A previous phylogenomic data-driven analysis of proteomes confirmed the early cellular origin of viruses and the rise of viral RNA proteomes followed by that of DNA viruses and Megavirales representatives (Nasir and Caetano-Anollés, 2015). Here we focused on the evolutionary relationship of Megavirales and cellular organisms. Out of all possible FSF domains (Figure 1), we selected 289 that were universal, i.e., that were shared by viruses and cellular organisms. We then used this set to build a phylogeny of proteomes (Figure 2). Megavirales representatives appear as a basal group in the tree of proteomes, which is consistent with results from sequence analyses performed here and previously (Boyer et al., 2010; Sharma et al., 2014). The subgroup that was closest to cellular organisms was family Mimiviridae, followed by family Phycodnaviridae and then groups comprised by family Marseilleviridae and by faustoviruses, mollivirus, and pandoraviruses. Similar phylogenetic patterms were revealed when we used multidimensional scaling approaches to explore the temporal space of ages of individual structural domains in proteomes (Figure 3). We found distinct temporal clouds of proteomes for viruses and organisms belonging to Archaea, Bacteria, and Eukarya. The Mimiviridae group was clearly dissected from the main viral cloud, which was temporally closer to cellular proteomes, suggesting their late appearance in viral evolution. Again, the family Phycodnaviridae appeared between the family Mimiviridae and the rest of the viral cloud. In terms of the proportions of FSFs detected in giant viral groups, asfarviruses have a proteome that is more similar to that of faustovirus, which is consistent with phylogenetic analysis of sequences. However, when considering raw number, mimiviruses have more FSFs in common with faustovirus. Finally, when plotting phylogenetic indices measuring the levels of homoplasy of the MP tree reconstruction (corresponding to Figure 2) against age of the phylogenetic character (fold superfamily), high retention indices, especially for lower nd values (oldest domains), indicated excellent fit of characters to the phylogeny (Figure 4). Homoplasy indicates the level of independent gain of characters in lineages and is a good indicator of deviations from vertical inheritance (Farris, 1983). The levels of homoplasy were moderate for protein folds, showing that the vertical signals override the horizontal signals.
FIGURE 1. Venn diagram displaying FSF distribution and sharing patterns among Archaea, Bacteria, Eukarya, and Megavirales. A, Archaea; B, Bacteria; E, Eukarya; FSF, fold superfamilies; V, viruses.

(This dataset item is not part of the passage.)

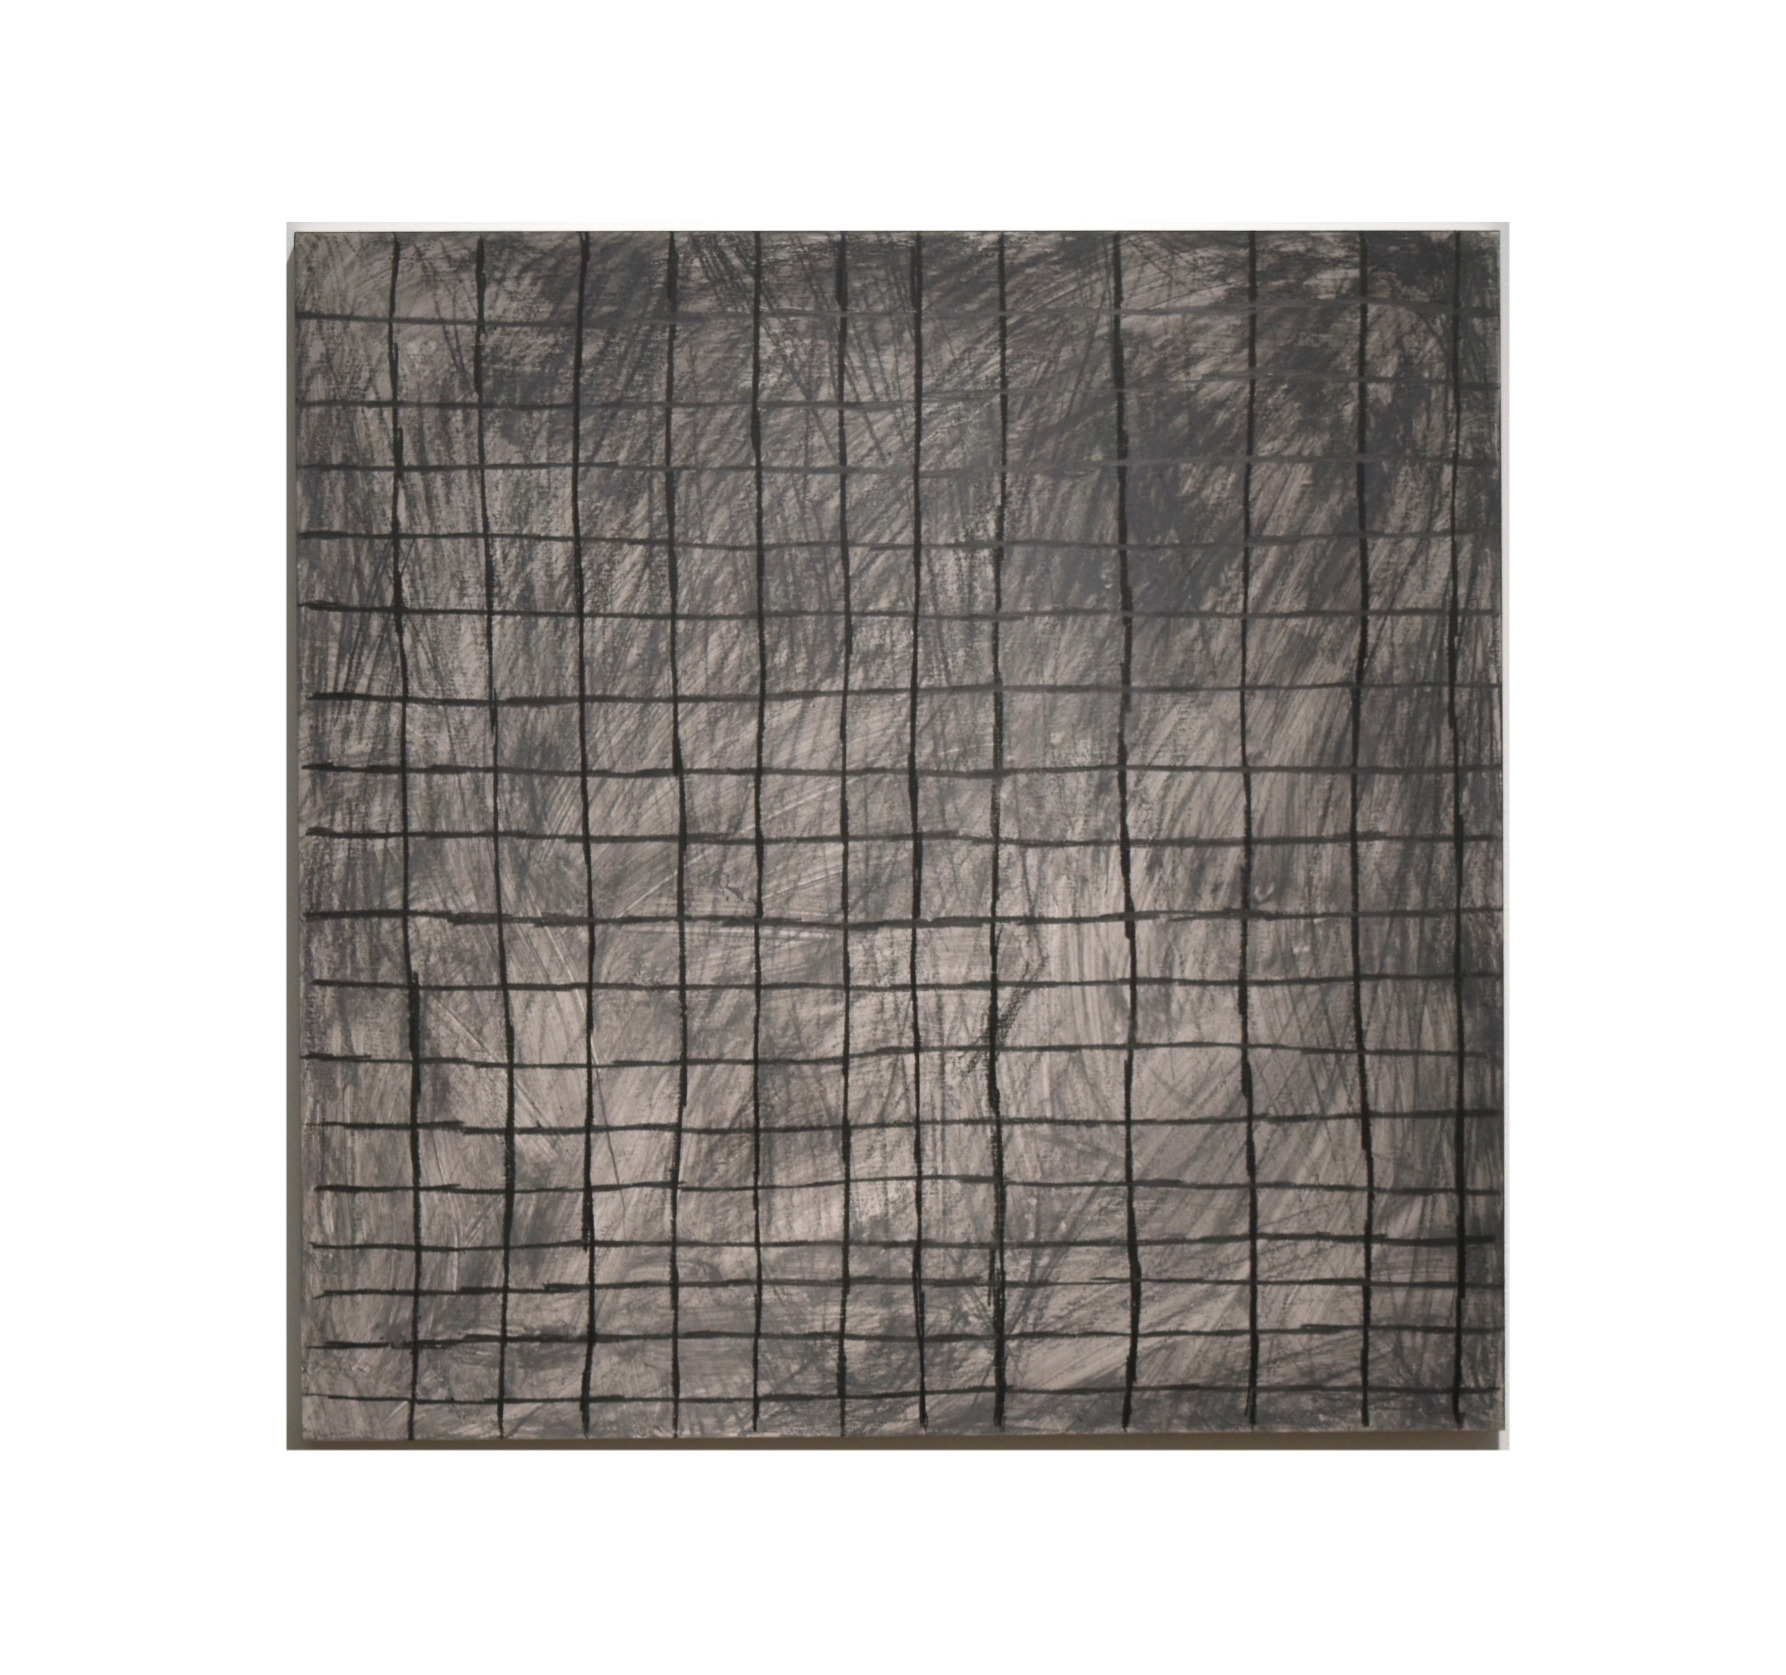 Grid #20817

FIGURE 2. Phylogeny of proteomes describing the evolution of 182 proteomes randomly sampled from cellular organisms and viruses. The universal Tree of Life is rooted using Weston’s generality criterion. The 102 cellular proteomes are from Nasir and Caetano-Anollés (2015).
FIGURE 3. Evolutionary principal coordinate (evoPCO) analysis plot portrays in its first three axes the evolutionary distances between cellular and viral proteomes. The percentage of variability explained by each coordinate is given in parentheses on each axis. Data points of the 3-dimensional scatter plot describing temporal clouds are mapped onto projections planes and connected with vertical leading drop lines along the PCO3 axis. The list of whole coordinate information for building the PCoA plot of this figure is provided in Supplementary Table S3.
FIGURE 4. Plots of the indices of the phylogenetic tree of proteomes describing the evolution of 182 proteomes randomly sampled from cellular organisms and viruses (corresponding to Figure 2) against the age of the phylogenetic character [fold superfamily (FSF)]. Five measures of the levels of lateral sequence transfers for the maximum parsimony tree reconstruction performed in the present study, namely consistency index (A), retention index (B), rescaled consistency index (C), homoplasy index (D), and G-fit (E), are plotted against the age of the phylogenetic character FSF [measured as node distance (nd) values] for 289 characters (FSF) shared by archaea, bacteria, eukaryota, and viruses. High retention indices, especially for lower nd values (corresponding to older domains), indicates excellent fit of the characters to the phylogeny.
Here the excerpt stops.